Paul J. Richards / AFP/Getty Images
A Google street view mapping and camera car cruises the streets of Washington, D.C.
Google has agreed to pay $7 million to settle a lawsuit filed by 37 states and the District of Columbia over the firm’s vacuuming of data from home Wi-Fi networks around the world. The settlement ends a long chain of U.S. government legal actions against Google in what has become known as the "Wi-Spy" scandal, but Google still faces numerous legal challenges in Europe and elsewhere.
Between 2008 and 2010, Google's Street View cars, designed to take detailed block-by-block pictures, had an added feature -- they collected data broadcast out of users' homes from unsecured Wi-Fi networks. At the time, most home routers didn't come equipped with encryption by default, so the data haul was enormous, and raised numerous privacy issues.
Google has admitted its mistake, but maintained that the collection wasn't illegal because the data was collected from public locations and broadcast by the victims in plain text. Still, the episode has been embarrassing for the company, and it has repeatedly said it has implemented new procedures to prevent a similar episode.
The most disturbing part of the Wi-Spy scandal is that Google blames it on a rogue engineer, though according to an investigation conducted by the Federal Communications Commission, the engineer told others at the company about the data collection. It's alarming to think about the privacy disasters that could be created by a rogue employee or group of employees who work inside a company with massive data collection power, like Google. The FCC fined Google $25,000 for allegedly obstructing its investigation, but took no further action against the company.

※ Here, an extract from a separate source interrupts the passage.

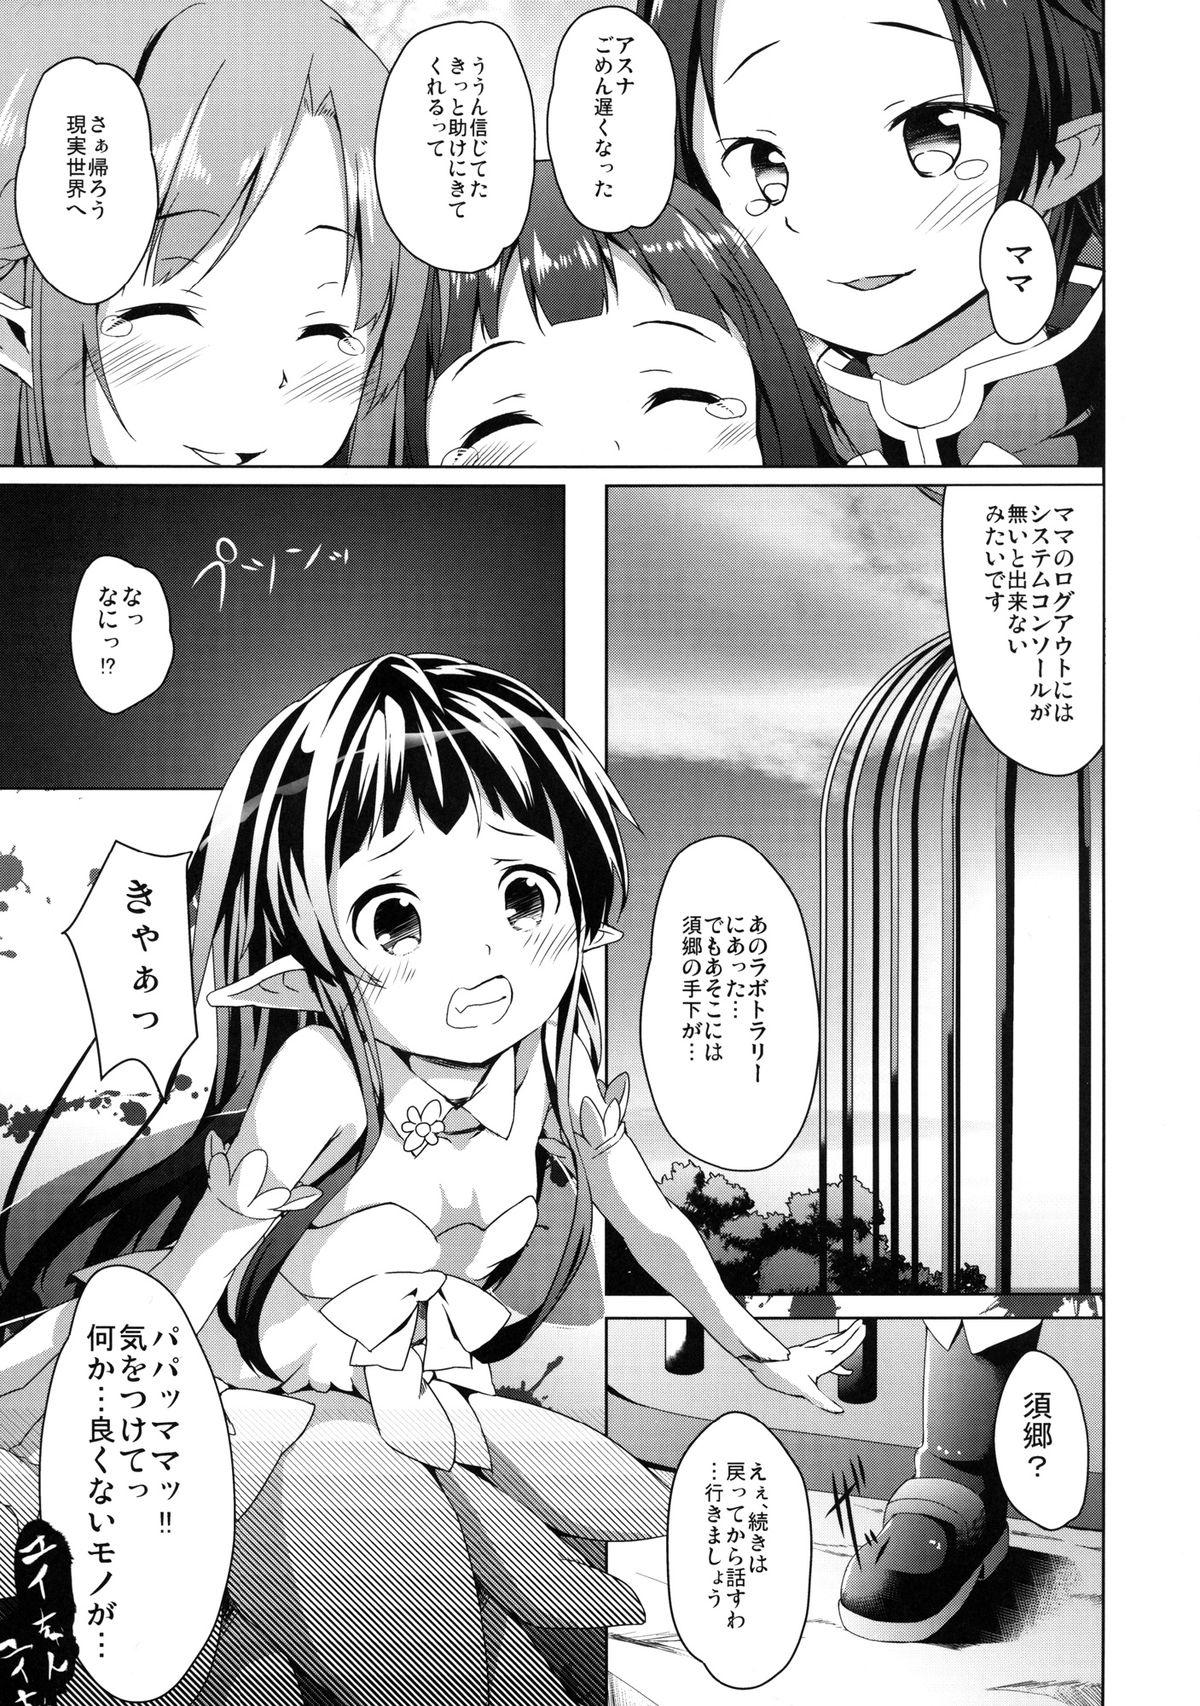 From Sao Yui Porn - Yui-chan BOKOO! - Page 3 - HentaiEra

“Consumers have a right to protect their vital personal and financial information from improper and unwanted use by corporations like Google,” said New York Attorney General Schneiderman in a statement about the attorneys general settlement. “This settlement addresses privacy issues and protects the rights of people whose information was collected without their permission. My office will continue to hold corporations accountable for violating the rights of New Yorkers.”

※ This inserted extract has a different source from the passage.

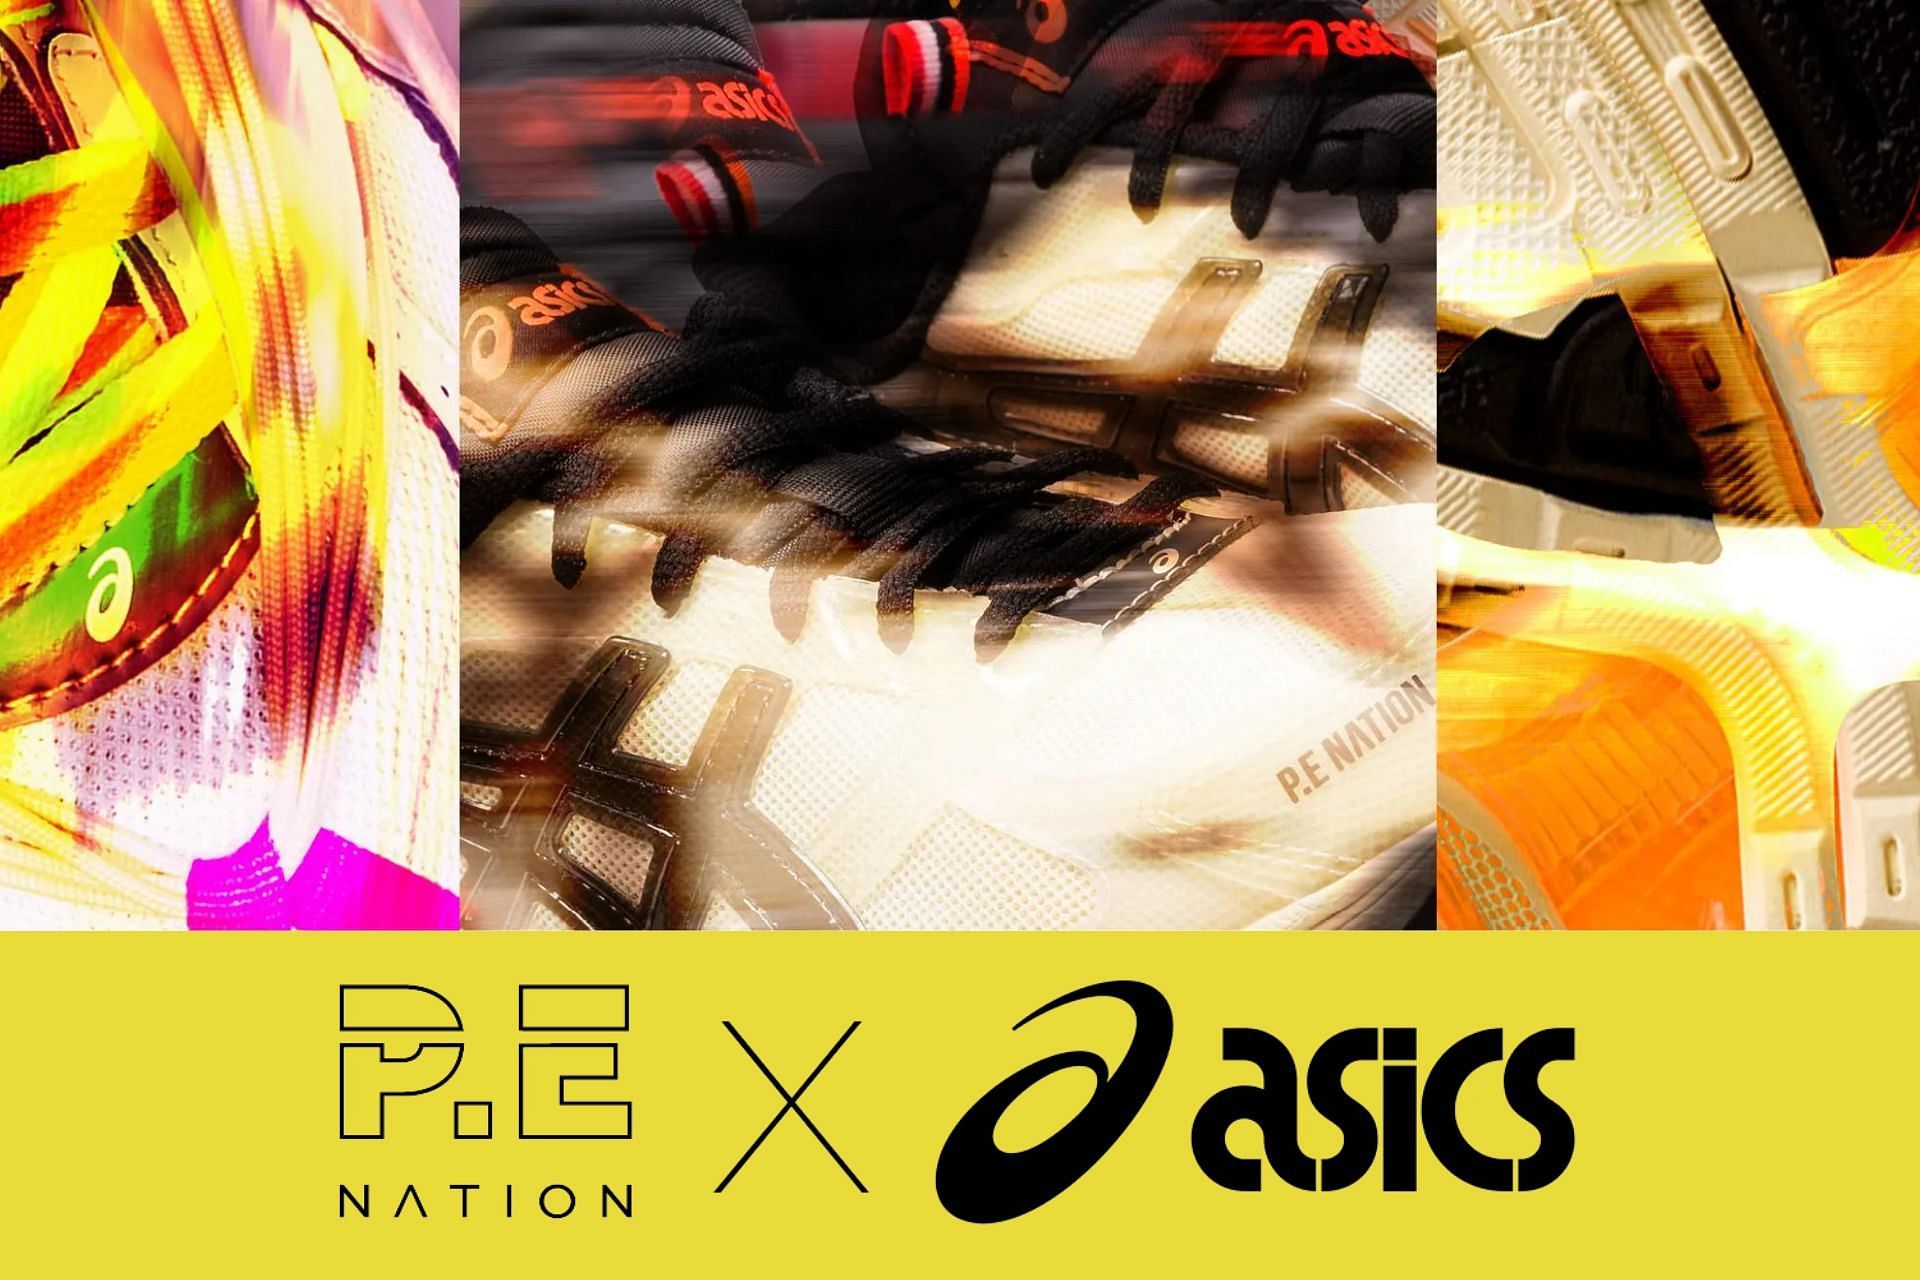 P.E. Nation x Asics sneaker collaboration (Image via P.E. Nation)

Google agreed to destroy the data as part of the settlement and to launch an employee privacy training program that it must continue for 10 years.
"We work hard to get privacy right at Google. But in this case we didn't, which is why we quickly tightened up our systems to address the issue," Google said in a statement to NBC News. "The project leaders never wanted this data, and didn't use it or even look at it. We're pleased to have worked with Connecticut Attorney General George Jepsen and the other state attorneys general to reach this agreement."
The Electronic Privacy Information Center maintains a detailed list of legal actions in the Wi-Spy scandal, including links to details on ongoing investigations around the globe.